Картвелишвили мигом «схватил» идею и тут же предложил:
После лекции зайди, я помогу составить заявку на изобретение!
Подобный опыт у меня уже был с «остановом» и заявку мы составили быстро.
Пару слов о Юрии Лаврентьевиче Картвелишвили. Это сын знаменитого Лаврентьева — Лаврентия Картвелишвили — советского «хозяина» Дальнего Востока 20-х годов, конечно же, репрессированого. Несмотря на это, Юрий Лаврентьевич уважал Сталина и ненавидел Хрущева. Как здесь не вспомнить эпизод, когда Хрущев спросил писателя Шолохова: «Неужели вы не признаете, что был культ личности?» На что великий писатель ответил: «Была Личность, был и ее культ!» — Хрущев понял, что он сам не личность, и обиделся.

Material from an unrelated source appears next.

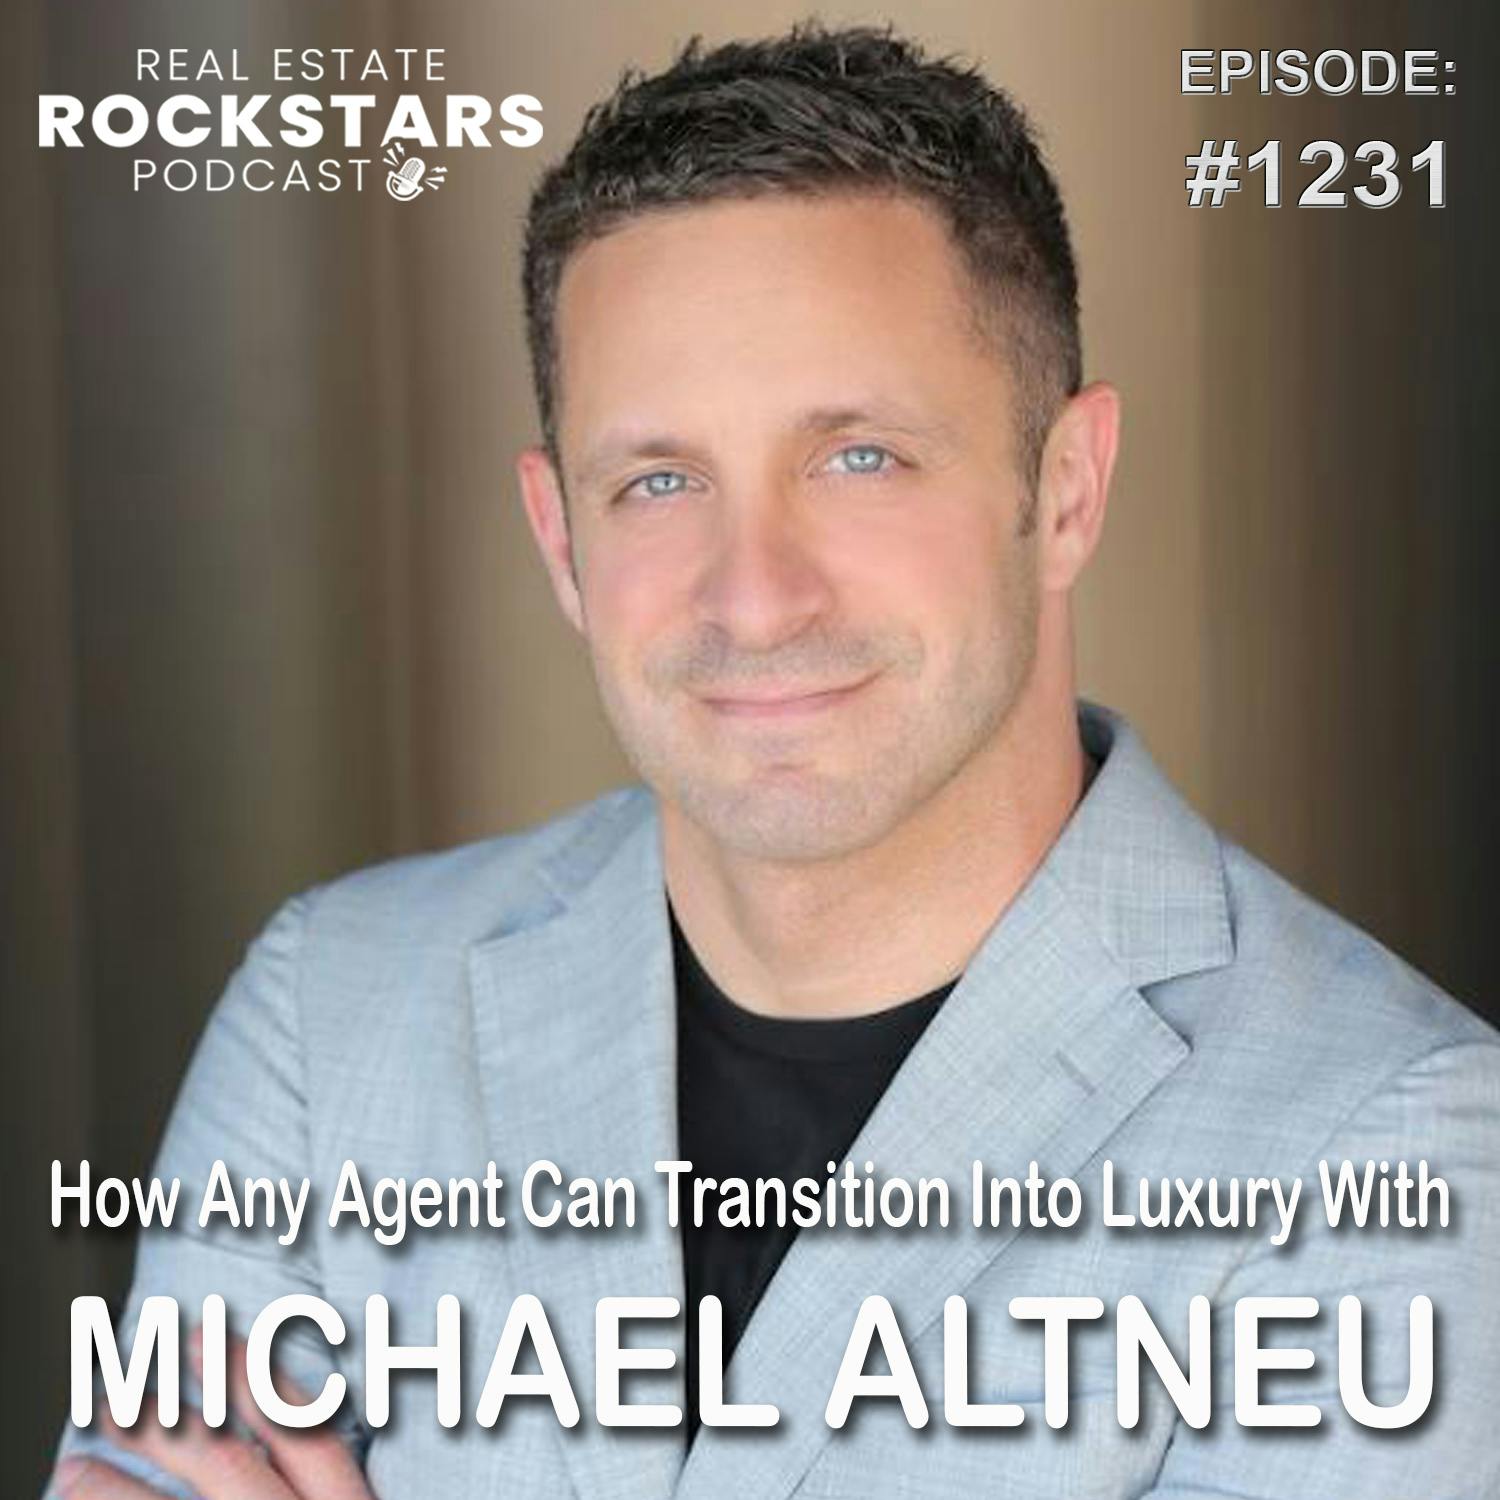 1231: How Any Agent Can Transition Into Luxury With Michael Altneu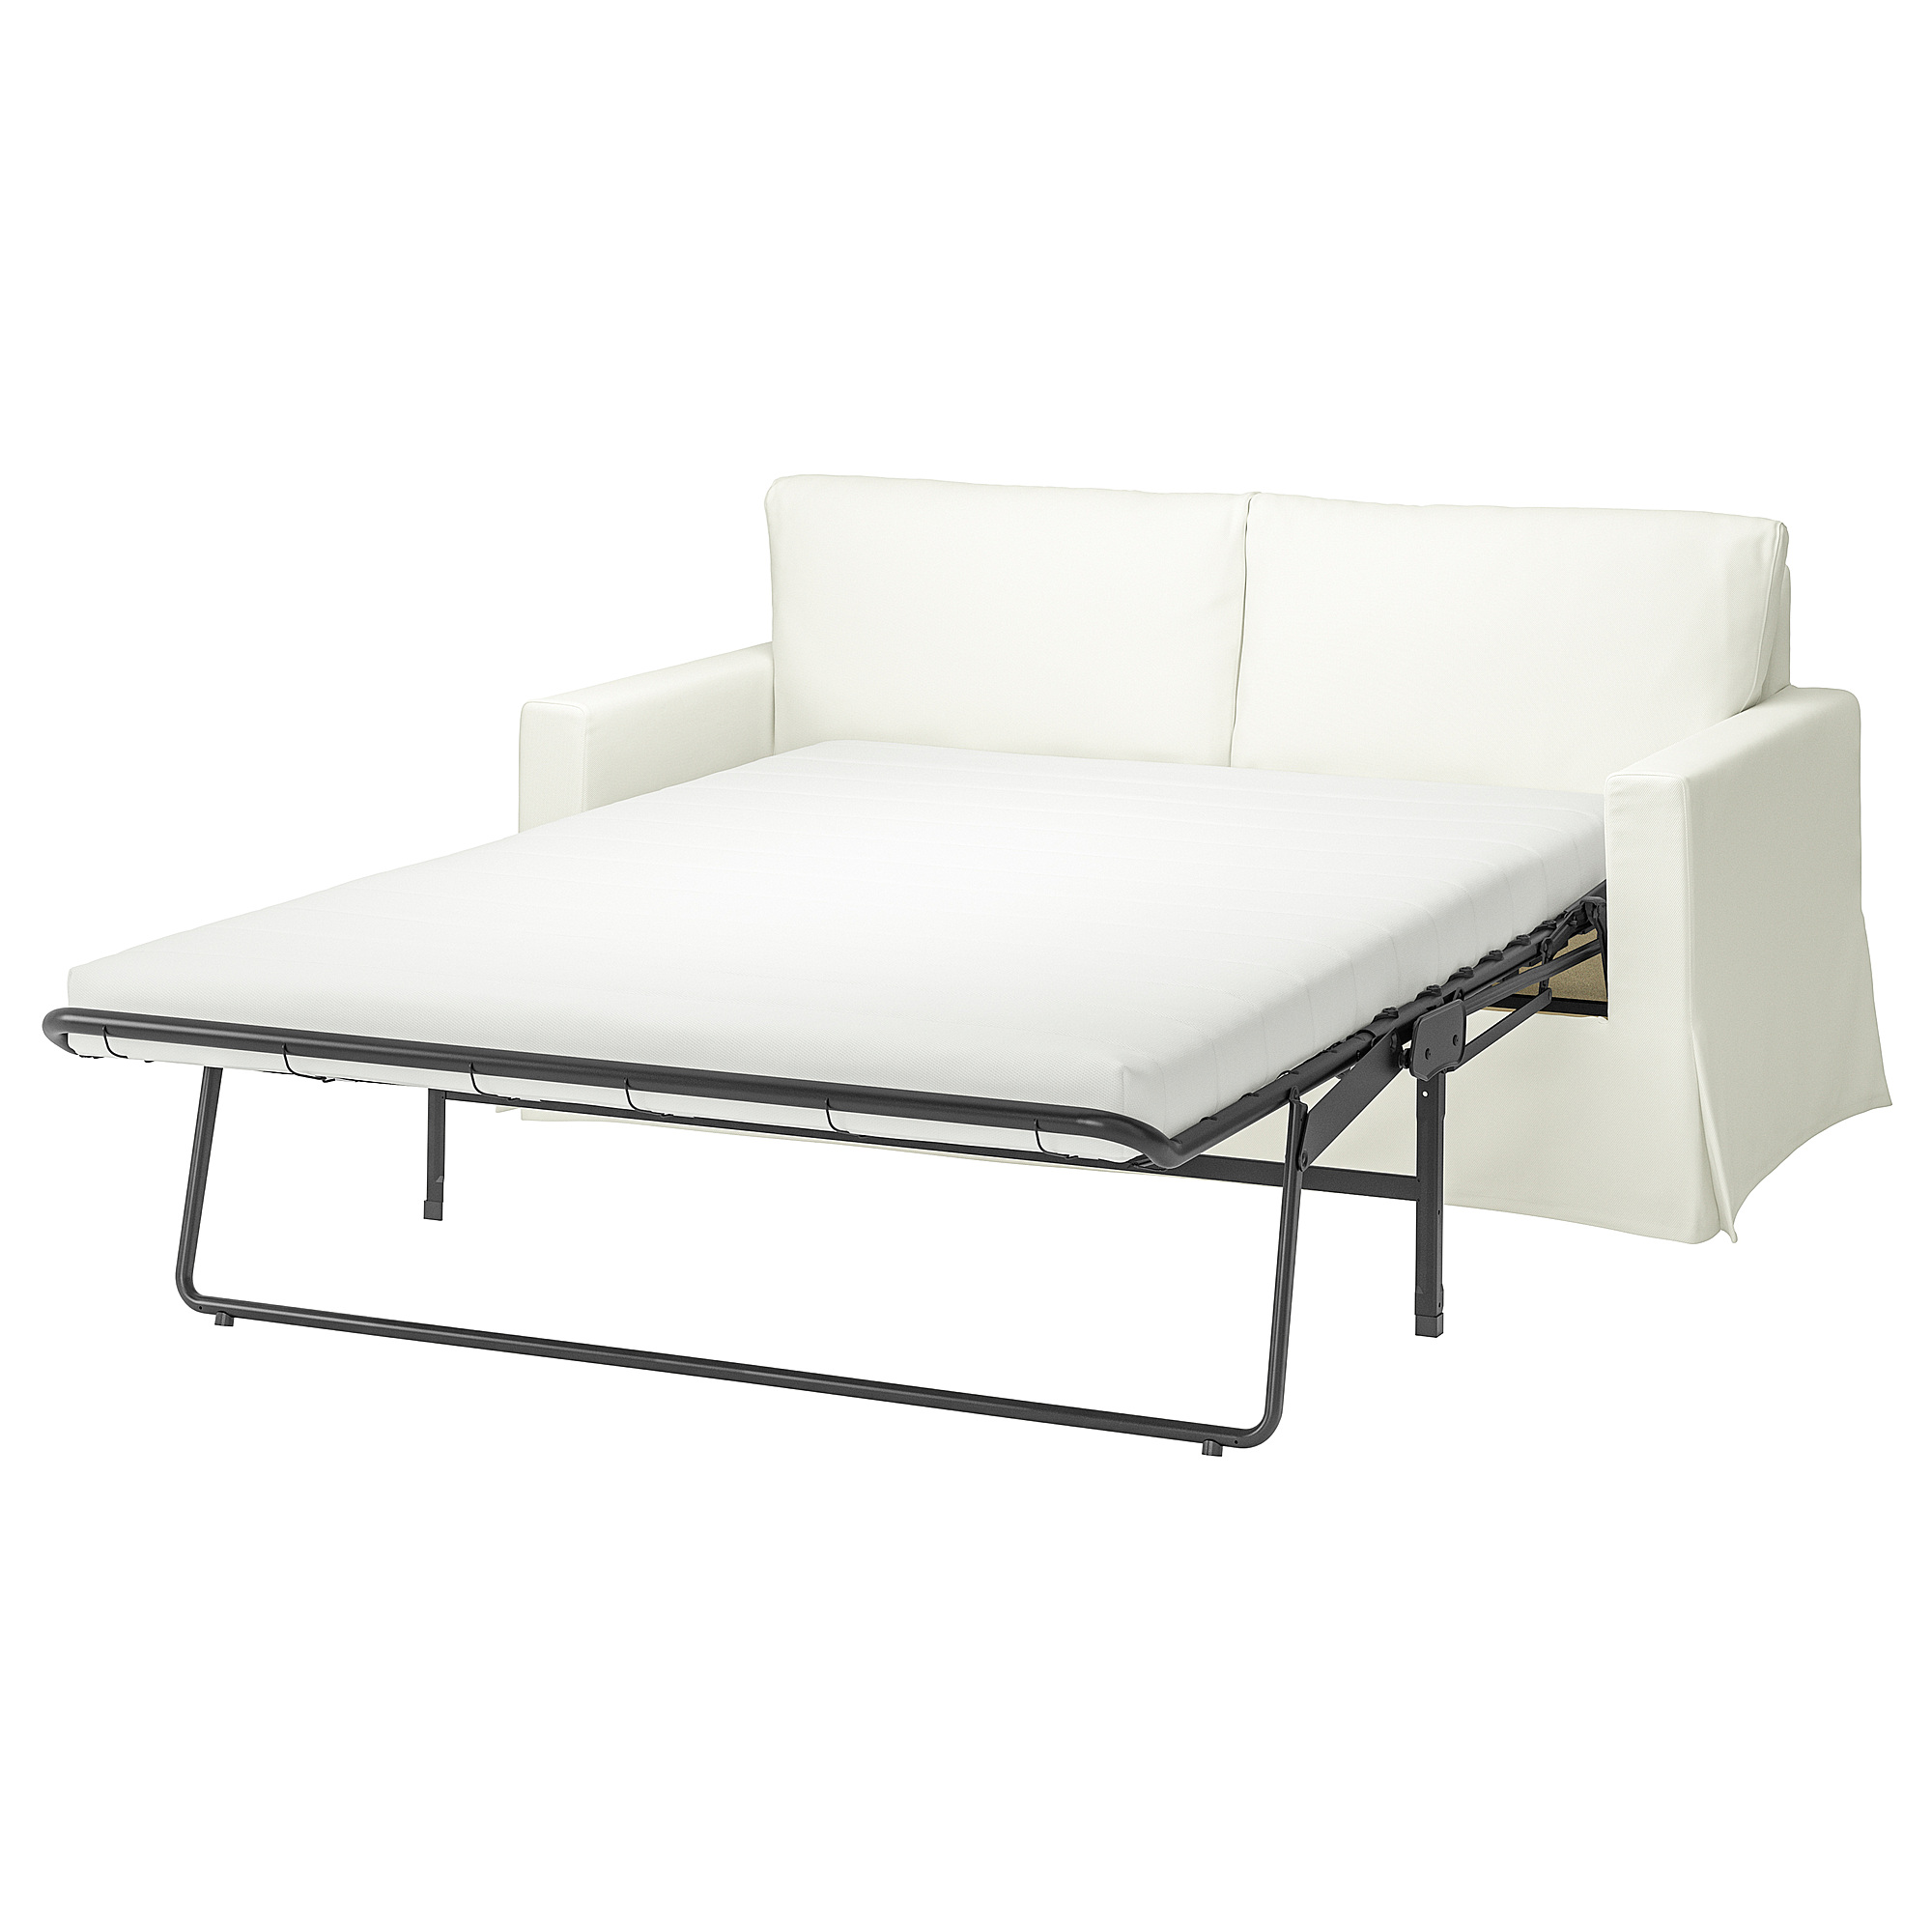 HYLTARP cover for 2-seat sofa-bed

Но, несмотря на помощь сына такого великого человека и талантливого ученого, на заявку пришел отказ — дескать, головной институт «ВНИИСтройдормаш» не считает предложение полезным.
Иногда надо людям отказывать! Я сейчас не представляю себе свою жизнь, если бы не этот отказ. Он помог мне приобрести друзей на всю жизнь. В том же «ВНИИСтройдормаше», других институтах, общежитиях. Он помог мне поступить в аспирантуру, он дал мне ярости бороться с противниками. Даже любимых женщин на долгие годы, помог мне найти этот отказ. И то, что я сейчас живу и работаю в Москве — этим тоже я обязан этому отказу!
Люди, не бойтесь получать отказ! Если, конечно, это не отказ в помиловании от смертной казни!